TASK PROMPT: Exclude the pictures, and otherwise reproduce the data in full.

DATA SECTION:
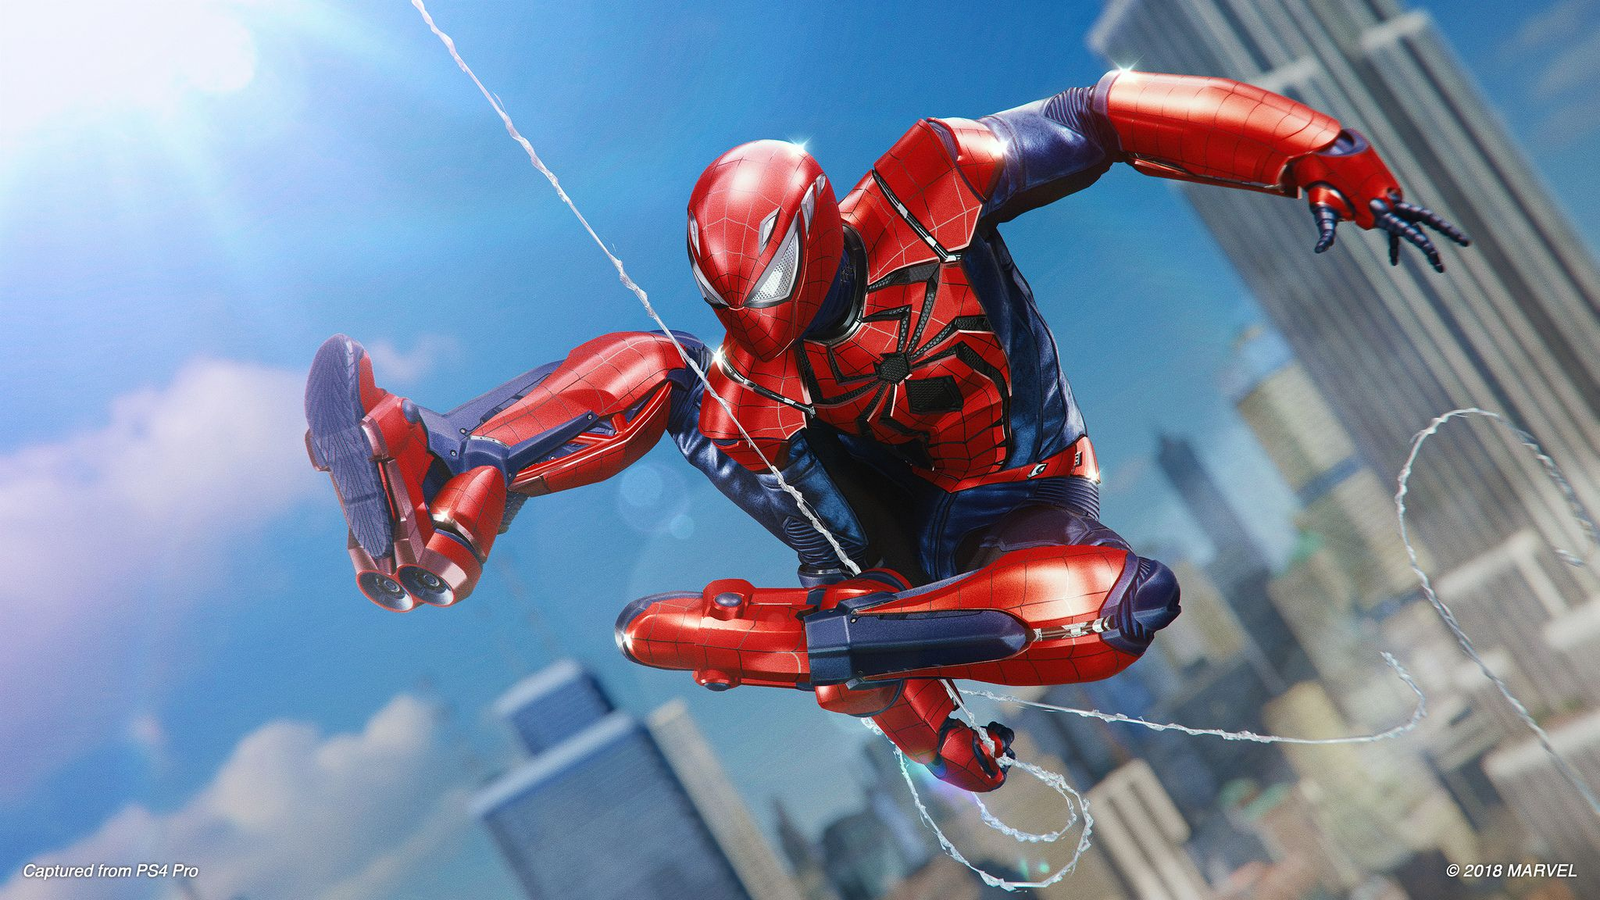 Is Spider-Man Miles Morales BETTER THAN Spider-Man PS4 (2018)? 
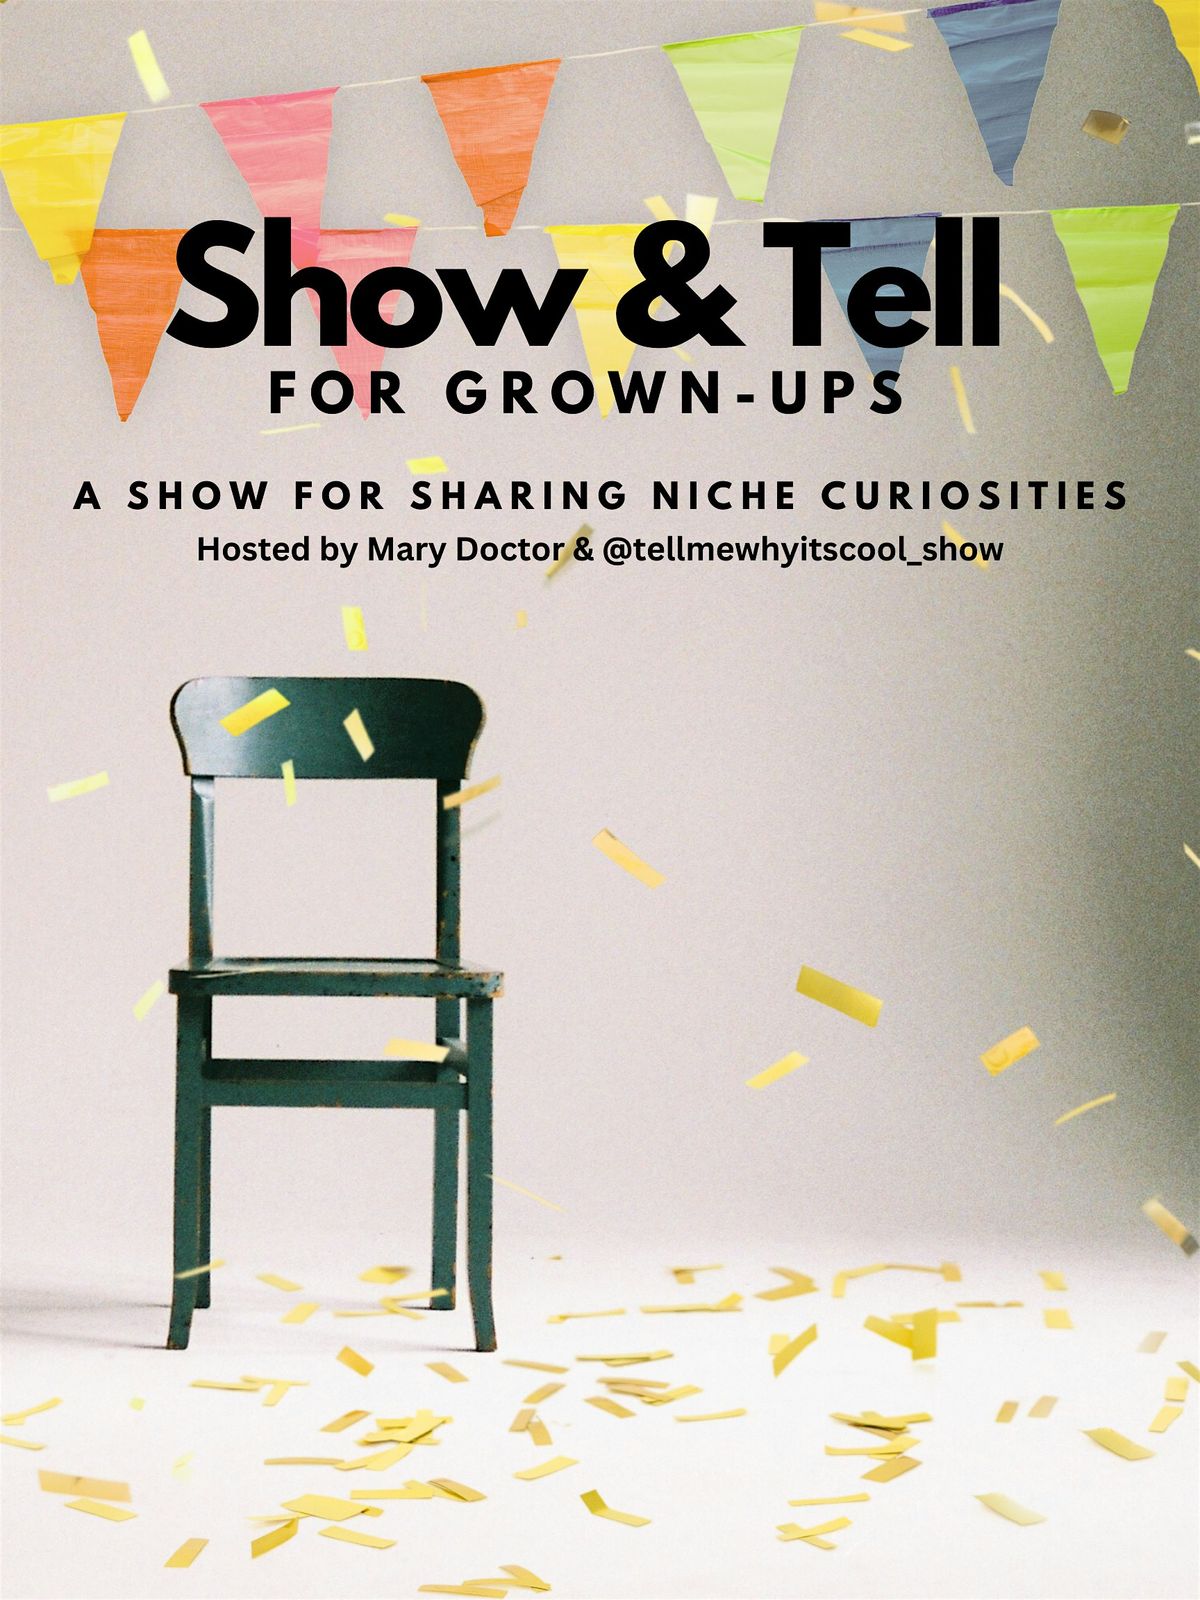 Show & Tell for Grown-Ups: Open Mic @ Uncommon Ground Lakeview
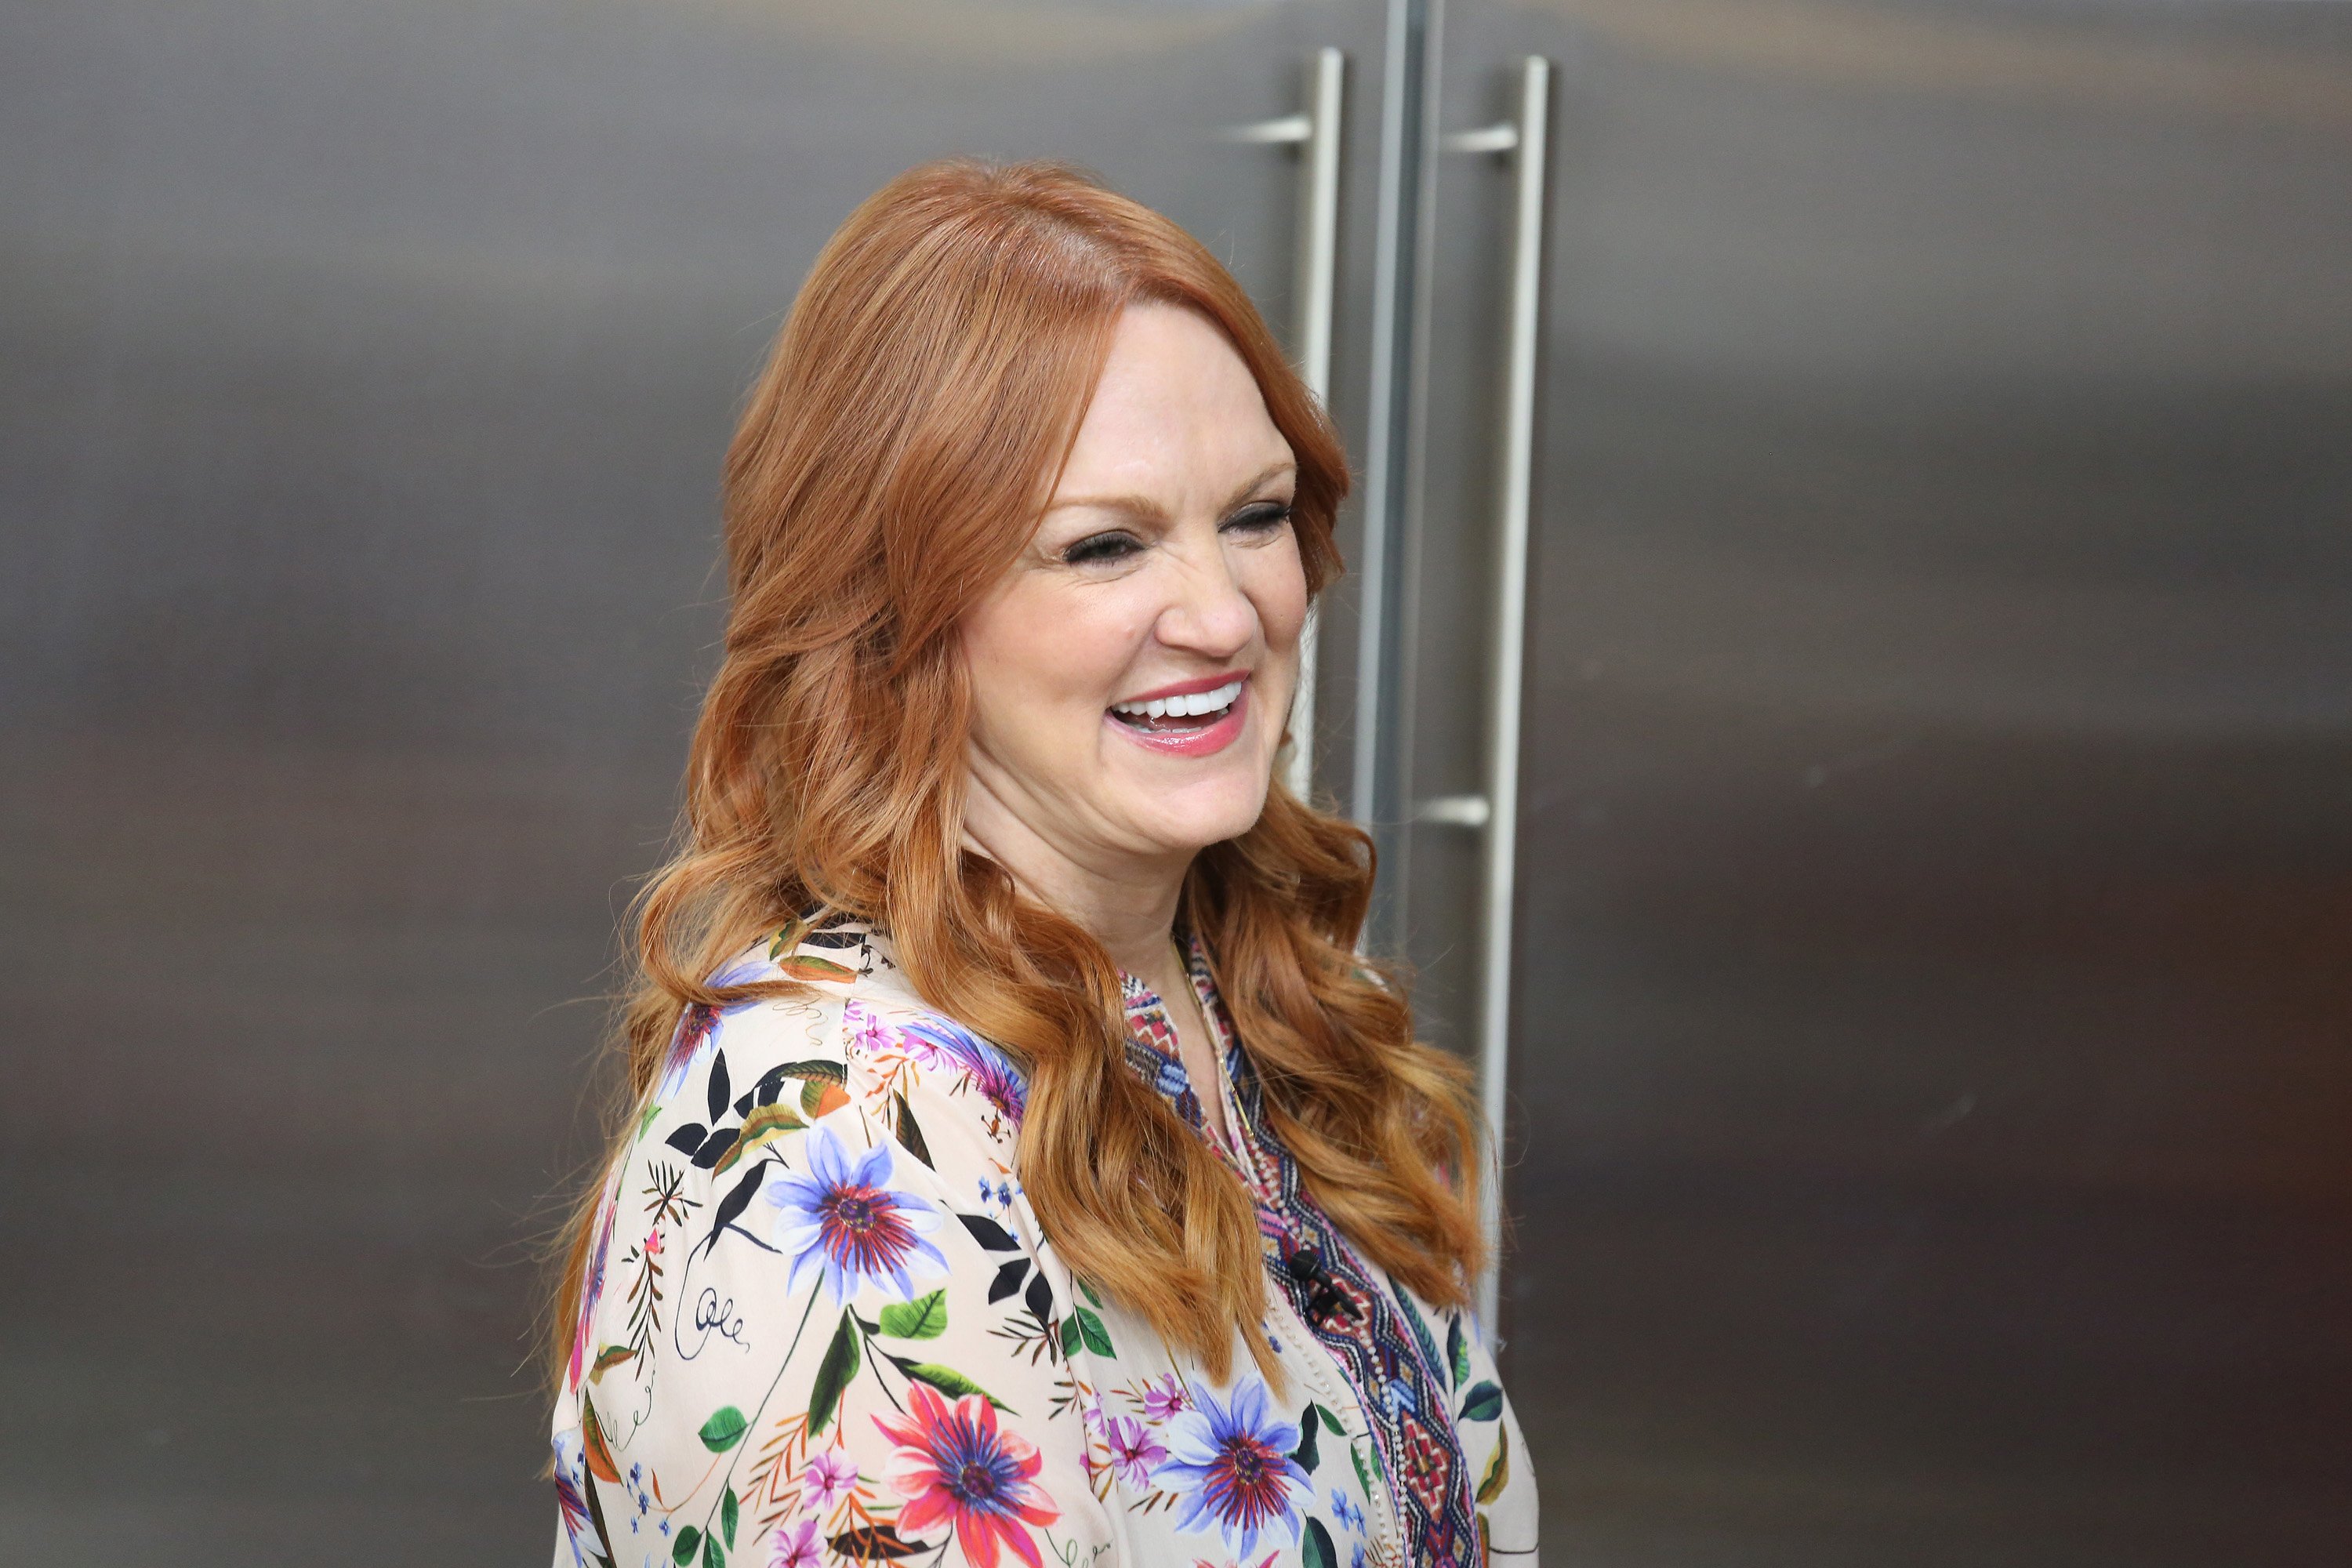 Ree Drummond wears a long-sleeved, patterned blouse in this photograph.

ANSWER FOR THIS EXERCISE:
 Is Spider-Man Miles Morales BETTER THAN Spider-Man PS4 (2018)? 
 Show & Tell for Grown-Ups: Open Mic @ Uncommon Ground Lakeview
 Ree Drummond wears a long-sleeved, patterned blouse in this photograph.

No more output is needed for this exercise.